I did start to try to take clang's TargetInfo code (https://github.com/llvm/llvm-project/blob/main/clang/lib/Bas...) and porting it over to TableGen, primarily so somebody could actually extract useful auto-generated documentation out of it, like "What are all the targets available?"

I actually do have working code for the triple-to-TargetInfo instantiation portion (which is fun because there's one or two cases that juuuust aren't quite like all of the others, and I'm not sure if that's a bad copy-paste job or actually intentional). But I never got around to working out how to actually integrate the actual bodies of TargetInfo implementations--which provide things like the properties of C/C++ fundamental types or default macros--into the TableGen easily, so that patch is still merely languishing somewhere on my computer.

ComputerGuru 3 months ago

Great article but I was really put off by this bit, which aside from being very condescending, simply isn't true and reveals a lack of appreciation for the innovation that I would have thought someone posting about target triples and compilers would have appreciated:

> Why the Windows people invented a whole other ABI instead of making things clean and simple like Apple did with Rosetta on ARM MacBooks? I have no idea, but http://www.emulators.com/docs/abc_arm64ec_explained.htm contains various excuses, none of which I am impressed by. My read is that their compiler org was just worse at life than Apple’s, which is not surprising, since Apple does compilers better than anyone else in the business.

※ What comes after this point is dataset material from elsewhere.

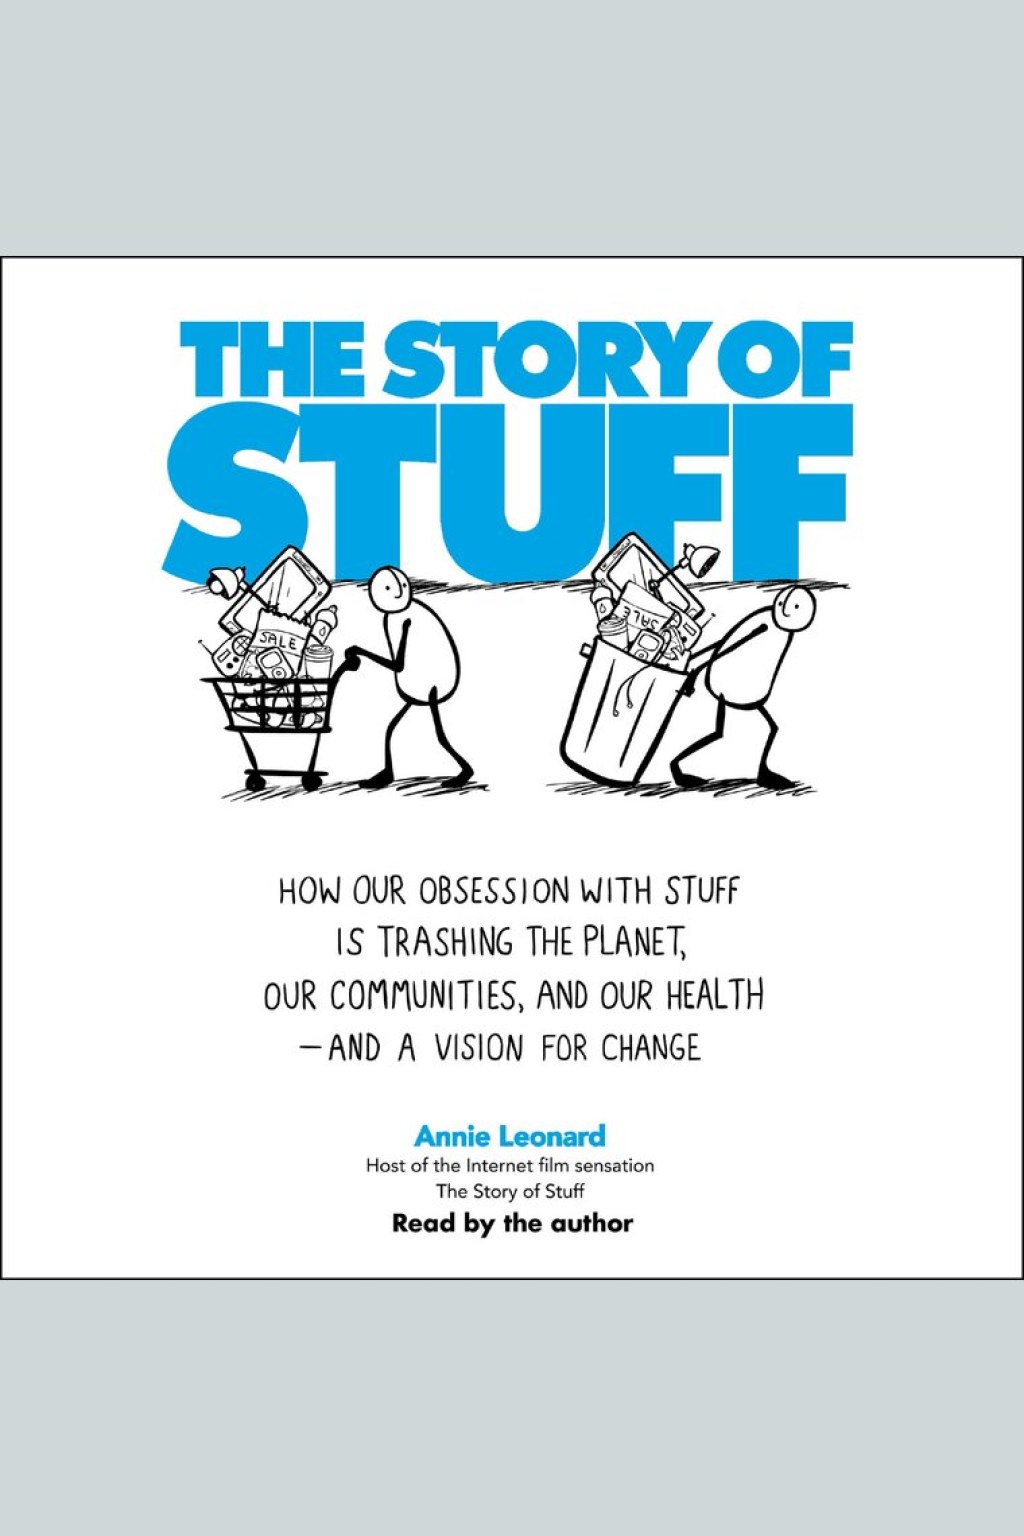 Picture of: The Story of Stuff by Annie Leonard – Audiobook  Scribd

I was already familiar with ARM64EC from reading about its development from Microsoft over the past years but had not come across the emulators.com link before - it's a stupendous (long) read and well worth the time if you are interested in lower-level shenanigans. The truth is that Microsoft's ARM64EC solution is a hundred times more brilliant and a thousand times better for backwards (and forwards) compatibility than Rosetta on macOS, which gave the user a far inferior experience than native code, executed (sometimes far) slower, prevented interop between legacy and modern code, left app devs having to do a full port to move to use newer tech (or even just have a UI that matched the rest of the system), and was always intended as a merely transitional bit of tech to last the few years it took for native x86 apps to be developed and take the place (usurp) of old ppc ones.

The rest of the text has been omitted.